Вообще, стихи для детей переводят на другой язык редко. Тем более, если это делает такой прекрасный поэт как Самуил Яковлевич Маршак. Думаю, что детские стихи Тувима были достойны перевода большого мастера.

Детство, юность, первые стихи

Гениальный поэт, писатель, переводчик, литературный критик и публицист Юлиан Тувим родился 13 сентября 1894 года в небогатой, ассимилированной польско-еврейской семье в городе Лодзь (Польша). Позже поэт напишет о своём родном городе, немного подражая В. Маяковскому, одному из своих любимых поэтов:

Когда я лбом вплоть до звезд,
Как славы начнется эра,
И совершат меня ссору бучну
Сто городов, словно за Гомера…
И каждый городок вопить начнет:
«Пророче, ты отсюда родом!»

— Потомки! Сим догадкам — шаг цена,
Оставьте их тувимистам.
Сам я свидетельствую: Лодзь, и только она
Была моим родным городом.

В 1901 году Юлиан поступил в русскую гимназию, учился в которой не слишком успешно. Особенно не любил точные науки и даже из-за них остался на второй год в шестом классе, Но, несмотря на неуспеваемость, нехватку денег и сложности в отношениях между родителями, детство Юлиана было таким, каким и положено быть детству — беззаботным и радостным.

Позже Юлиан признает, что взял от своих родителей лучшее: от папы — самодисциплину, от мамы — артистизм. Одно из увлечений гимназиста — лингвистика, Увлечение, которое он сам называет «лингвистическое безумие». Будущий поэт окружил себя не школьными учебниками, а книгами по языкознанию и этнографии. Его интересуют экзотические языки: тунгусов, папуасов, африканских народов, австралийских племен, эсперанто. Словари были дорогими и Юлиан придумывает разные ухищрения. Например, приглашает двенадцатилетнего китайца и записывает польскими буквами китайскую песенку; составляет словарь цыганских слов и выражений. Кроме лингвистики Юлиан в старших классах увлёкался поэзией (особенно любил Уолта Уитмена, Артюра Рембо, Леопольда Стаффа), публикует переводы польских поэтов на эсперанто, делает первые переводы с русского языка. В 18 лет публикует своё первое стихотворение «Просьба». В 1916-1918 гг. Тувим изучал философию и юриспруденцию в Варшавском институте. Впрочем, не столько учился, сколько занимался литературным творчеством, которое всё больше заполняет его жизнь. Тувим пишет стихи в студенческую газету, организует литературную группу «Скамандр» (членов группы объединяло стремление соединить поэзию с современностью, желание активно участвовать в общественной жизни), становится одним из основателей известного в те годы в Польше литературного кабаре «Pikador». Литературная деятельность накрывает Юлиана с головой и он бросает университет.

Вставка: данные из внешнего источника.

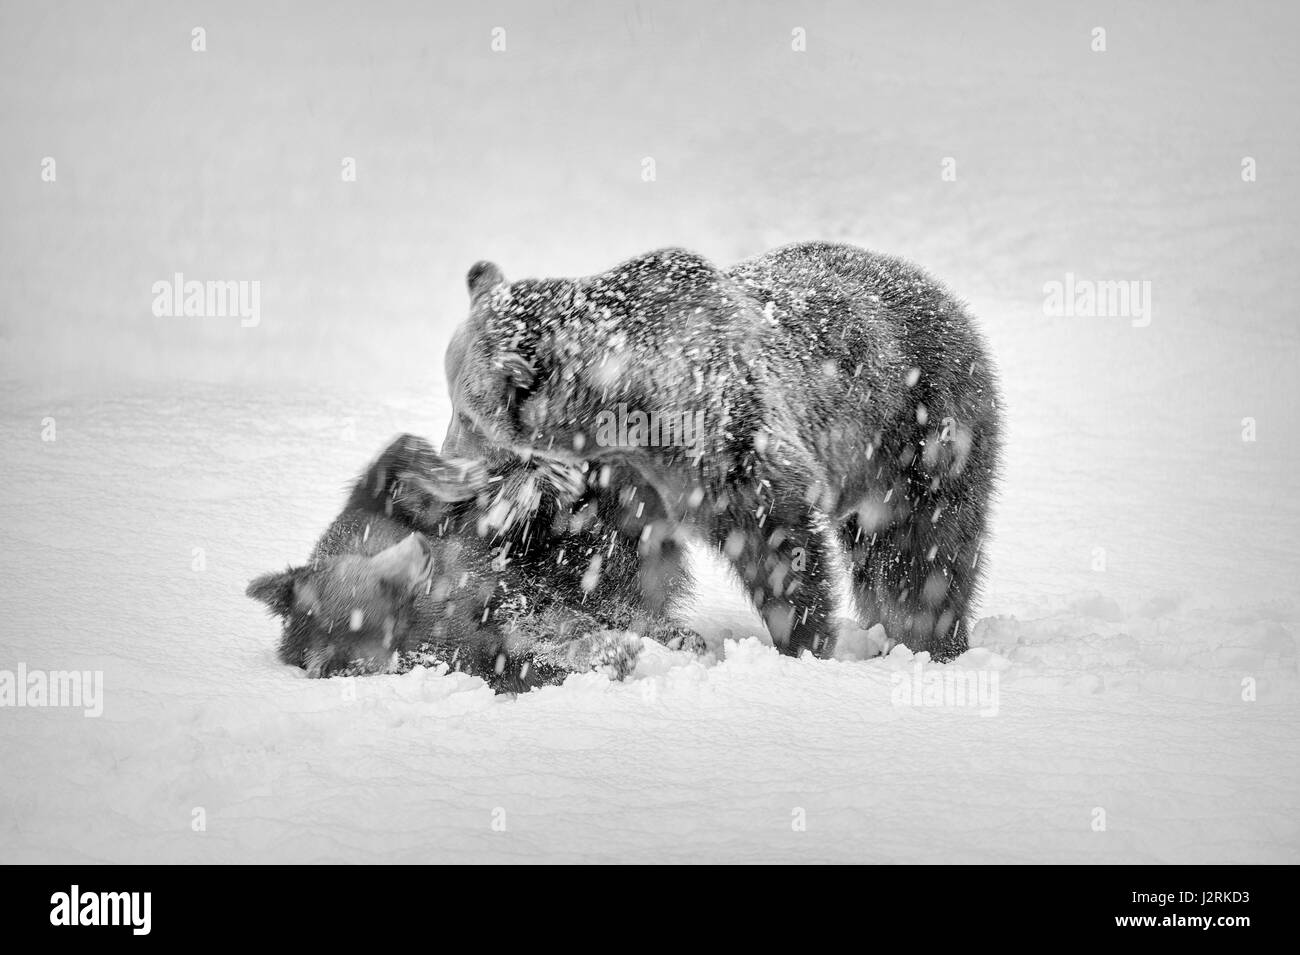 Solo para mujeres adultas euroasiática y un cachorro de oso pardo (Ursus arctos) descontrol en una tormenta de nieve en invierno. (Bellas Artes, High Key, Blanco y negro) Foto de stock

1920-39 гг. До оккупации Польши

Начиная с 20-х годов в ставшей независимой Польше, Тувим становится одним из самых популярных поэтов. Выходят многочисленные сборники его стихов: «Подстерегаю Бога», «Пляшущий Сократ», «Седьмая осень» и другие. С годами юношеские, оптимистические стихи переходят в поэзию мудрую, гуманистическую, с классической ясностью изложения. Его стихи в центре литературной критики. Известный польский писатель Ярослав Ивашкевич напишет в те годы:

«Ни с чем нельзя сравнить впечатление, которое произвели на нас стихи Тувима. Мы все безоговорочно восприняли их как начало новой поэтической эры».

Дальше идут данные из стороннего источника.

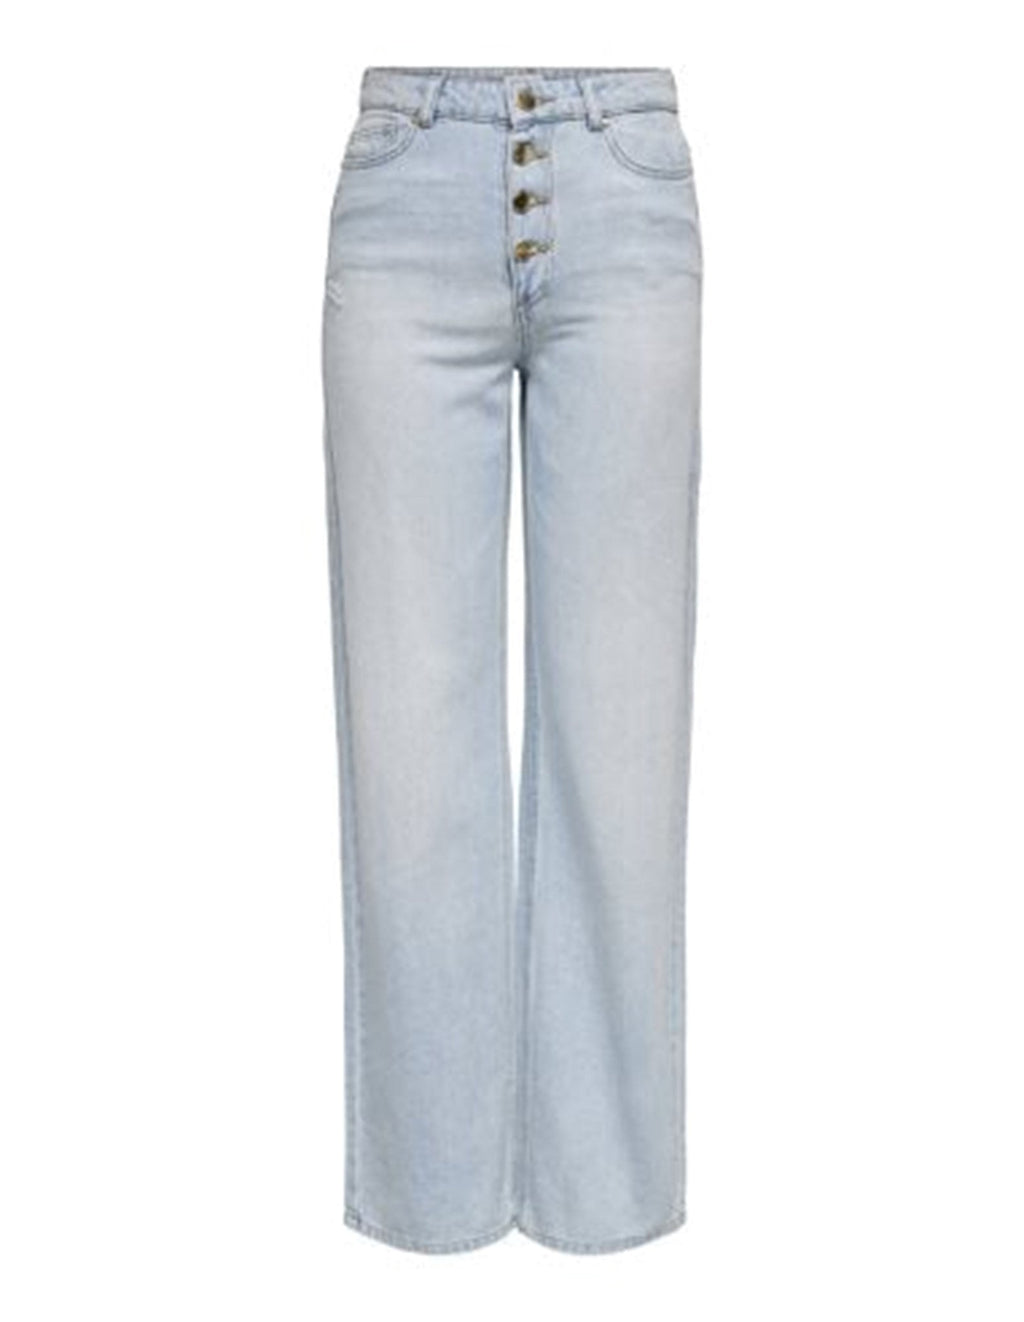 Šťavnaté džínsy (široká noha) - svetlá džínsová modrá

Главный герой стихотворений Тувима 20-х годов — простой человек. В 1929 году Тувим печатает стихотворение «К простому человеку»:

В брук круши пример ружья!
Ибо кровь твоя, а их нефть!
И от столицы до столицы
Гукни на все ты их марниці:
«Нет глупых, господа шляхта!»
(Перевод Григория Кочура)

Одно из самых любимых в предвоенной Польше стихотворений «Молитва» — мечта о будущем Польши:

В стране, что воскреснет из гроба
В сиянии вольности-зари,
Пусть будет добрый лад и честный,
Расчетливые предводители…

Дай хлеб нам из польского поля
И гробы — с польской сосны.
Змети со слов громкую фальшивость,
Верни извечную им правдивость,
Освободи из-под власти брехача,
Пусть справедливость — справедливость,
А право — право означает…
(Перевод Максима Рыльского)

Тувим одним из первых среди польских поэтов уходит от высокопарности поэтического языка, свойственной поэтам 19 века. В его стихи всё чаще проникает обычный, повседневный язык улицы. Как написал известный польский критик Мстислав Яструн:

«Тувим не только обновил устаревшее словництво, но и ввел в поэтический обиход новый мир вещей и образов…»

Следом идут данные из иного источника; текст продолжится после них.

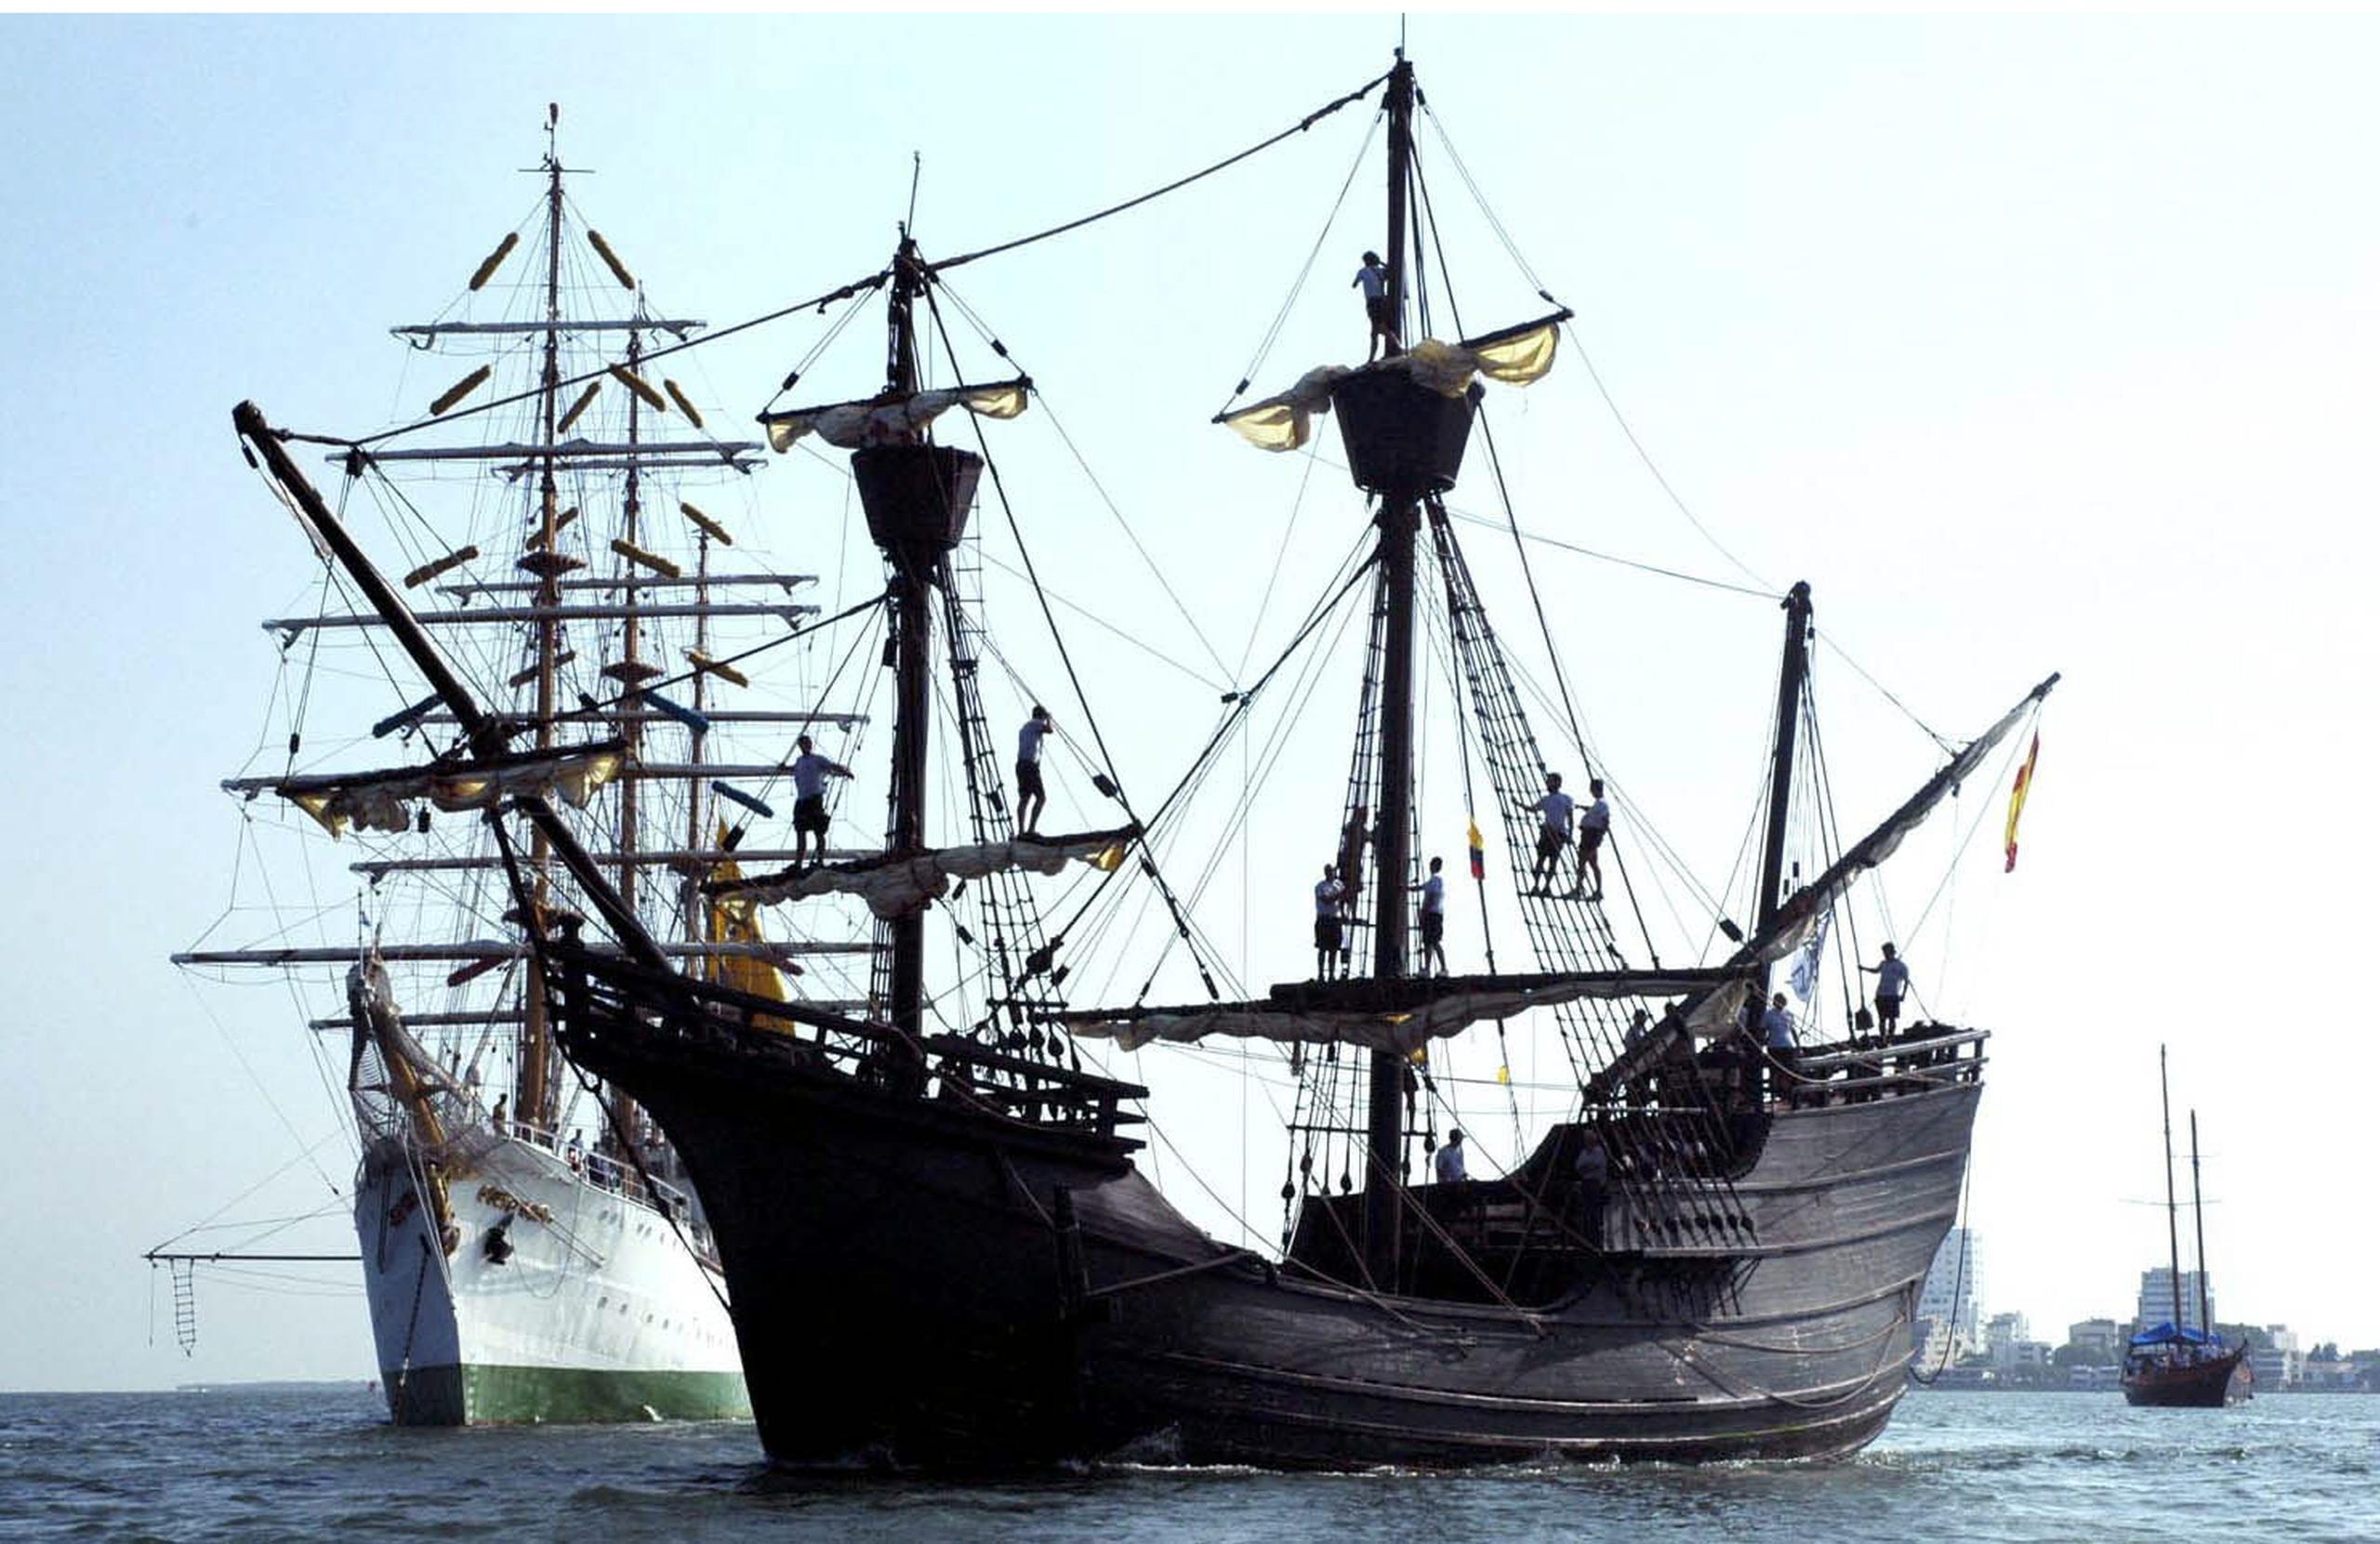 Foto de archivo de la réplica de un barco español del siglo XVI. EFE/Oscar Díaz

А известная в России польская писательница Ванда Василевская написала:

«В Польше молодёжь росла очарованная поэзией Тувима».

С приходом в Германии к власти нацистов многое меняется. Поэт всё больше обращается к публицистике. Пишет статьи резко критикующие фашизм. Такое ощущение, что он

предвидит страшные события, которые ожидают его родину и весь мир. Об этом написал Самуил Кур в статье «Смех и скорбь Юлиана Тувима»:

«Поразительное предвидение двадцатитрехлетнего поэта!»

Далее Самуил пишет о вечной раздвоенности Тувима (мистик и реалист, сторонник коммунистов и противник любой диктатуры, поляк и еврей):

«Пройдет 30 лет, и вдали от варшавских берез, в шумном, огнедышащем Нью-Йорке, тот же автор «Большой Теодоры», только постаревший, вознесет хвалу Иосифу Сталину. К власти на его родине пришли левые силы, и он уверен, что уж теперь-то, после войны, в Польше антисемитизма не будет. Тут прозорливость Тувима подвела. Вспомним хотя бы еврейские погромы в Польше сразу после войны и, особенно, взрыв антисемитизма в конце 60-х, когда генсек КП Польши Гомулка, женатый, кстати, на еврейке, 19 марта 1968 года на партийном митинге предложил чтобы евреи, которым Израиль дороже Польши, «рано или поздно покинули нашу страну».

В Польше было тяжёлое экономическое положение и народный гнев, как это всегда и бывает, был направлен в нужное русло. К счастью, до этого времени (в результате исхода евреев из Польской республики от 30 тыс. осталось не больше трёх) поэт не дожил. Но вернёмся к 30-м годам…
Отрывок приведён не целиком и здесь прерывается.